YOUR OBJECTIVE: All of the data should be copied exactly, with the pictures left out.

THE DATA:
++++

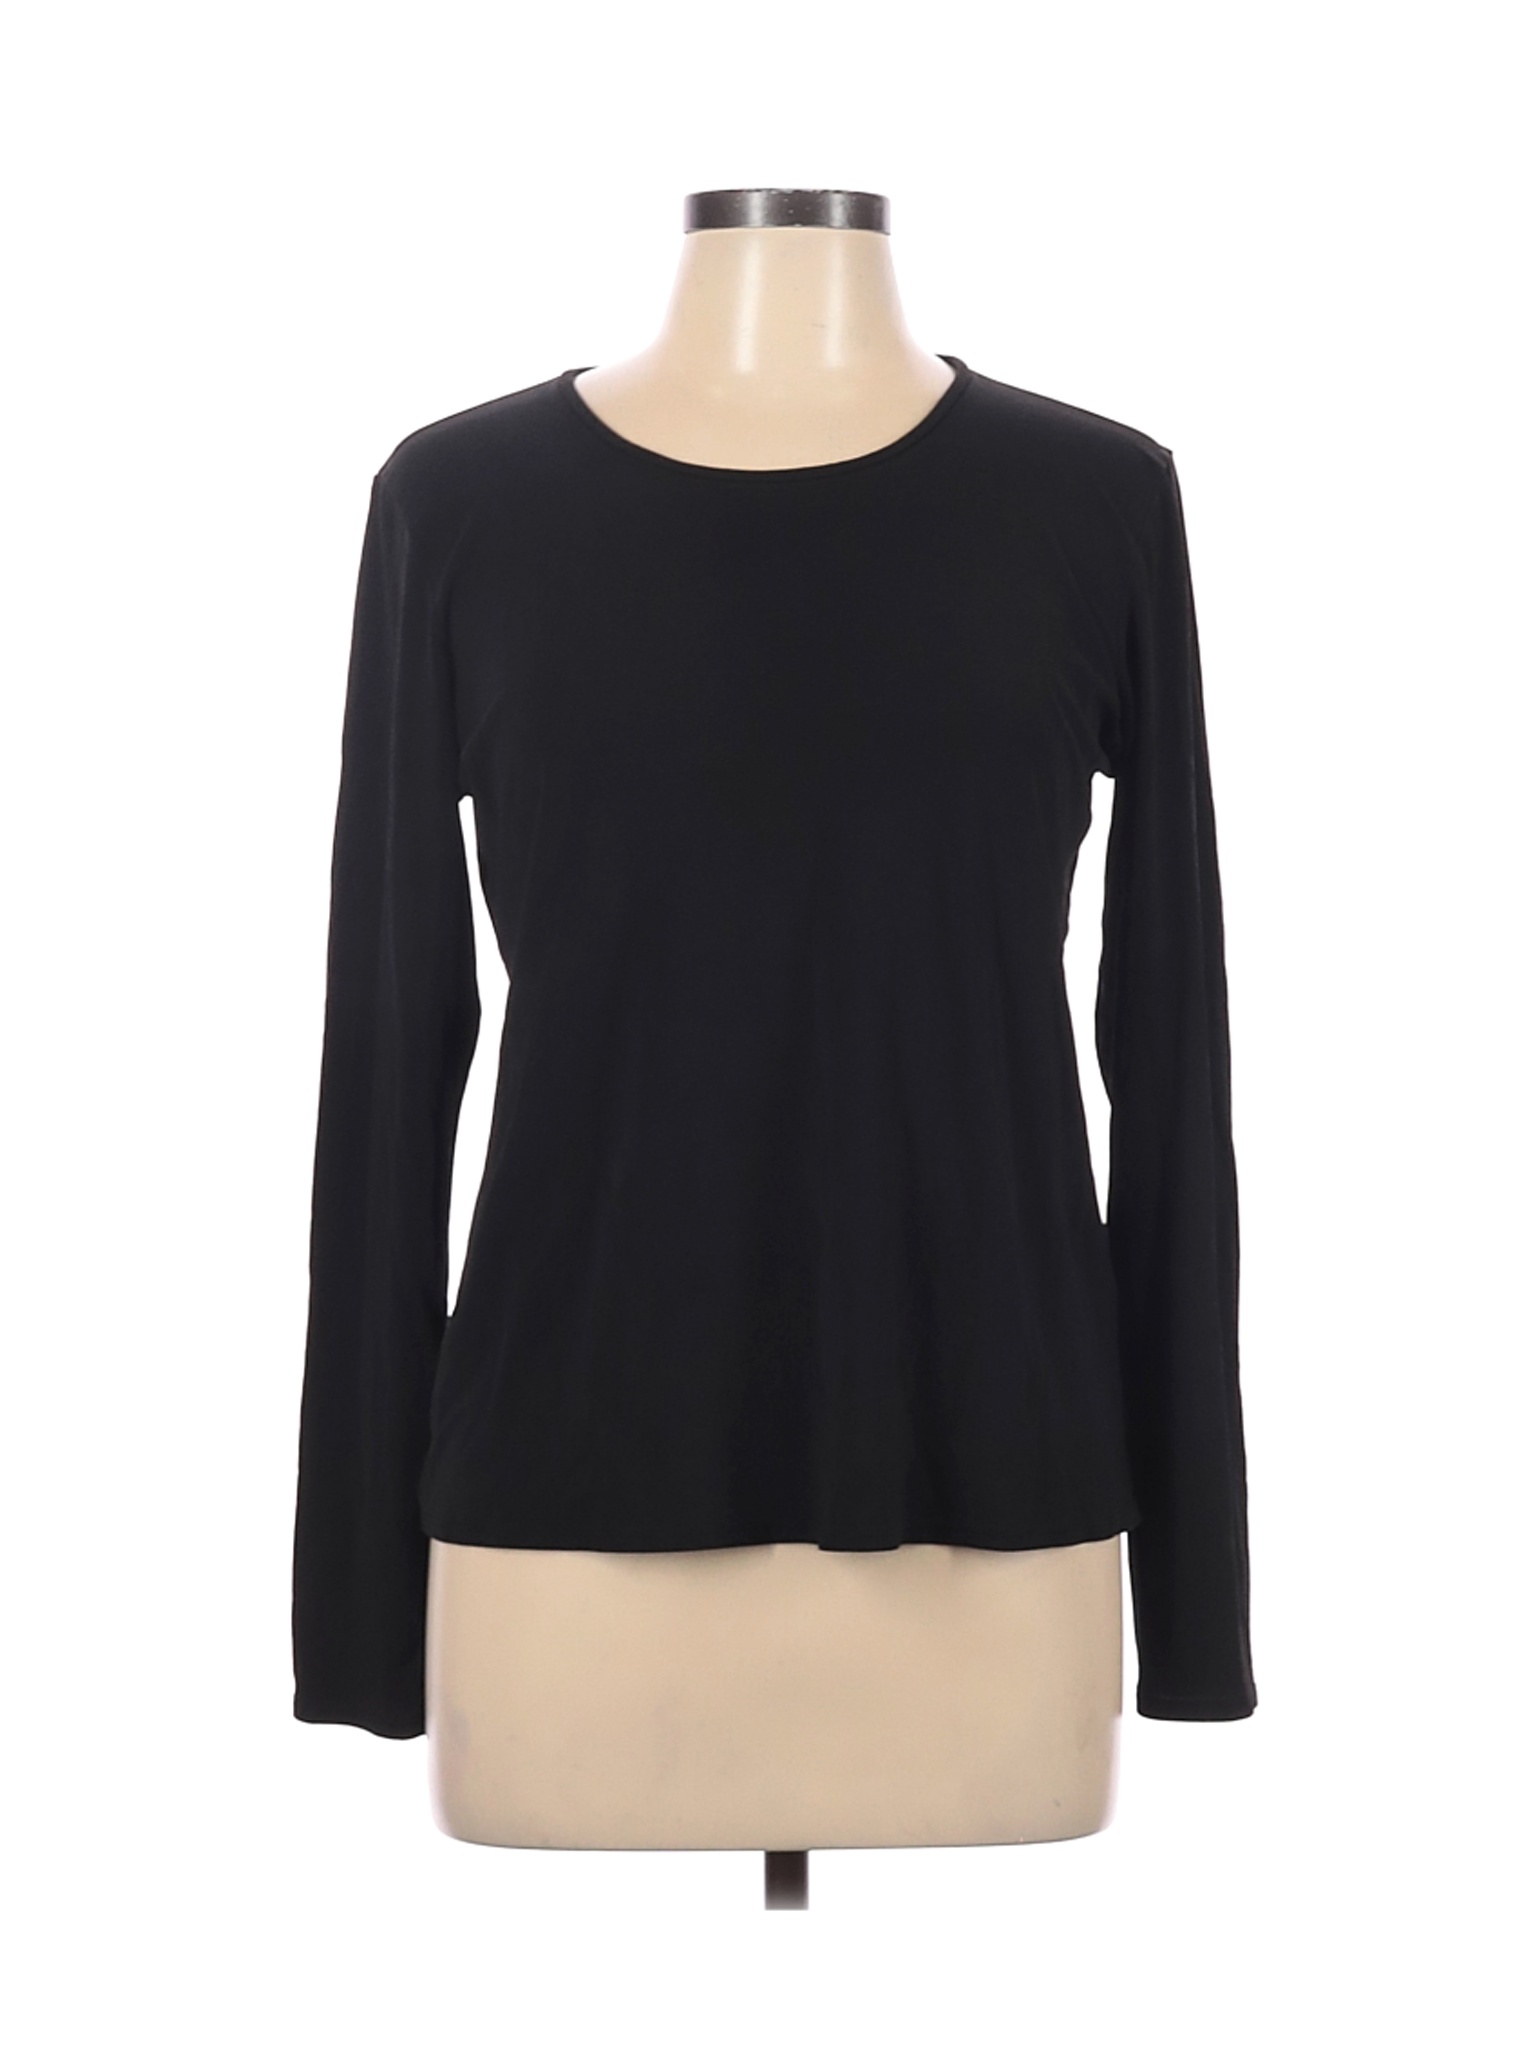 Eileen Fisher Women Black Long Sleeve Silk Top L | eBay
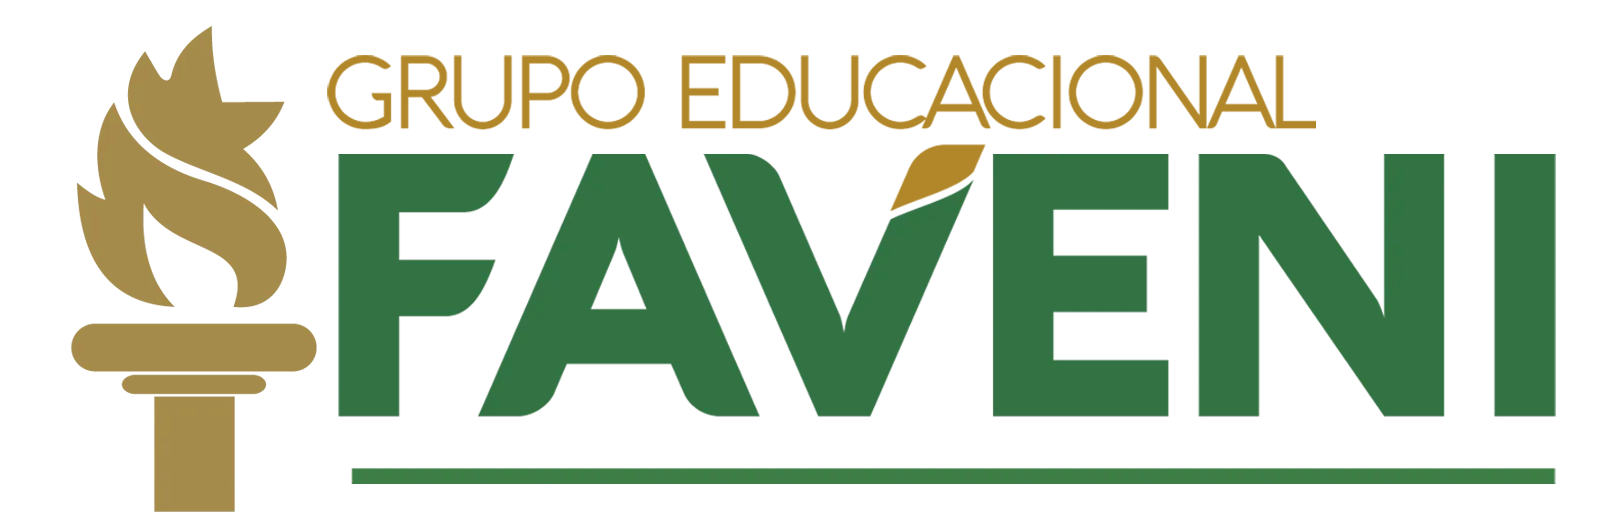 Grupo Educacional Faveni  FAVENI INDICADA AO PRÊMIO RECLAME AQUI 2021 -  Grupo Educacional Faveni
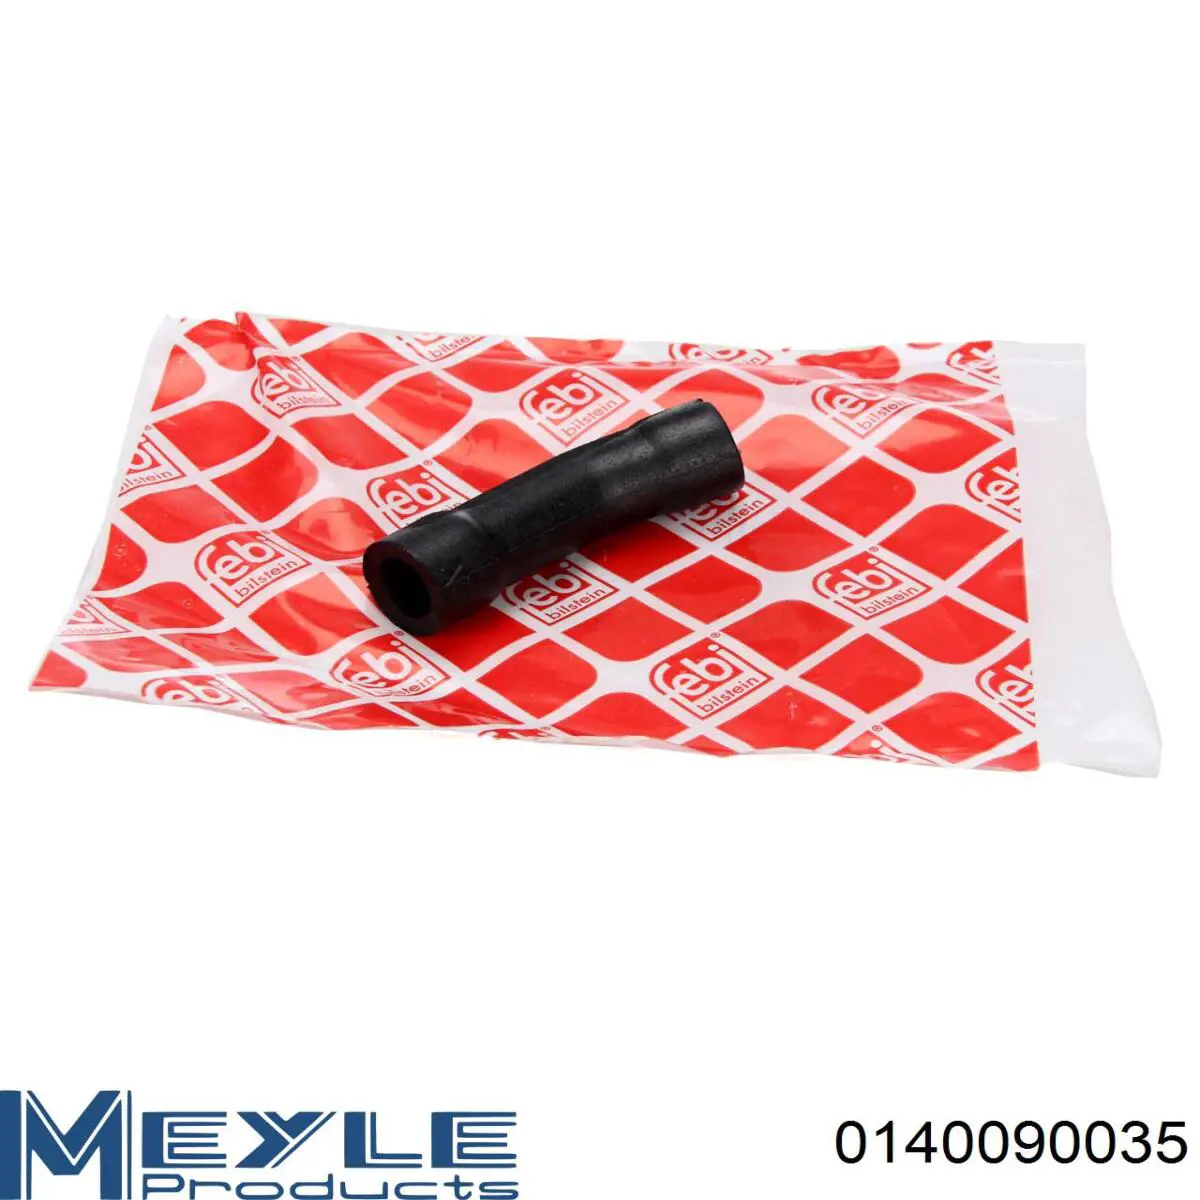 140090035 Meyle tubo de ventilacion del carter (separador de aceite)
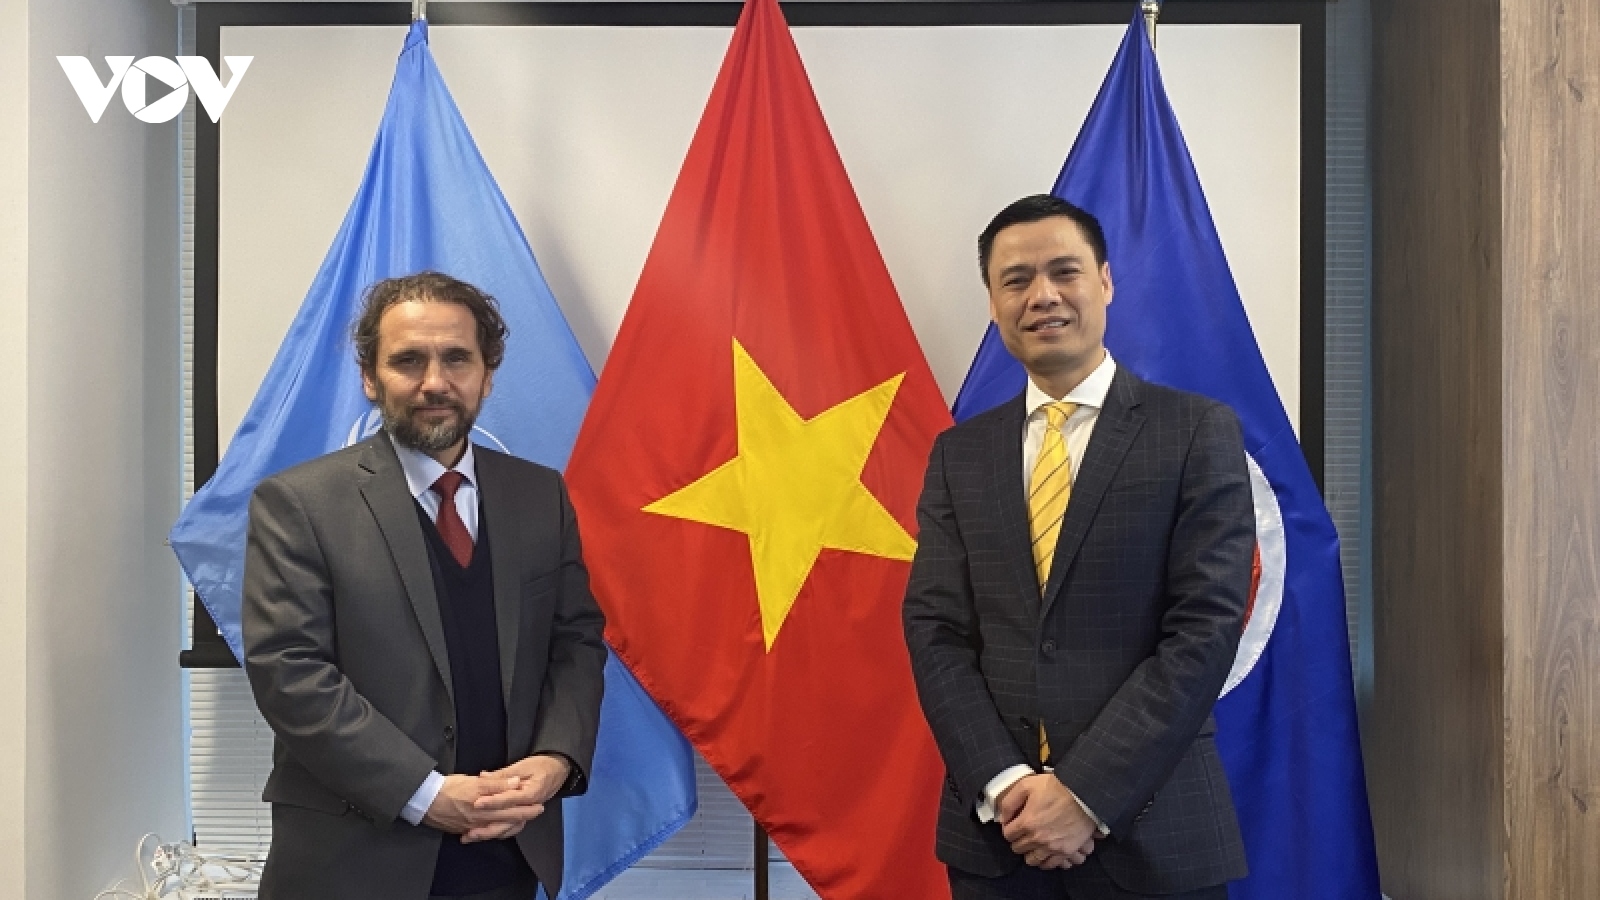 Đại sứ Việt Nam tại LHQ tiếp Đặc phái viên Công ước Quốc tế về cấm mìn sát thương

++++

ANSWER TO THIS TASK:
 Eileen Fisher Women Black Long Sleeve Silk Top L | eBay
 Grupo Educacional Faveni  FAVENI INDICADA AO PRÊMIO RECLAME AQUI 2021 -  Grupo Educacional Faveni
 140090035 Meyle tubo de ventilacion del carter (separador de aceite)
 Đại sứ Việt Nam tại LHQ tiếp Đặc phái viên Công ước Quốc tế về cấm mìn sát thương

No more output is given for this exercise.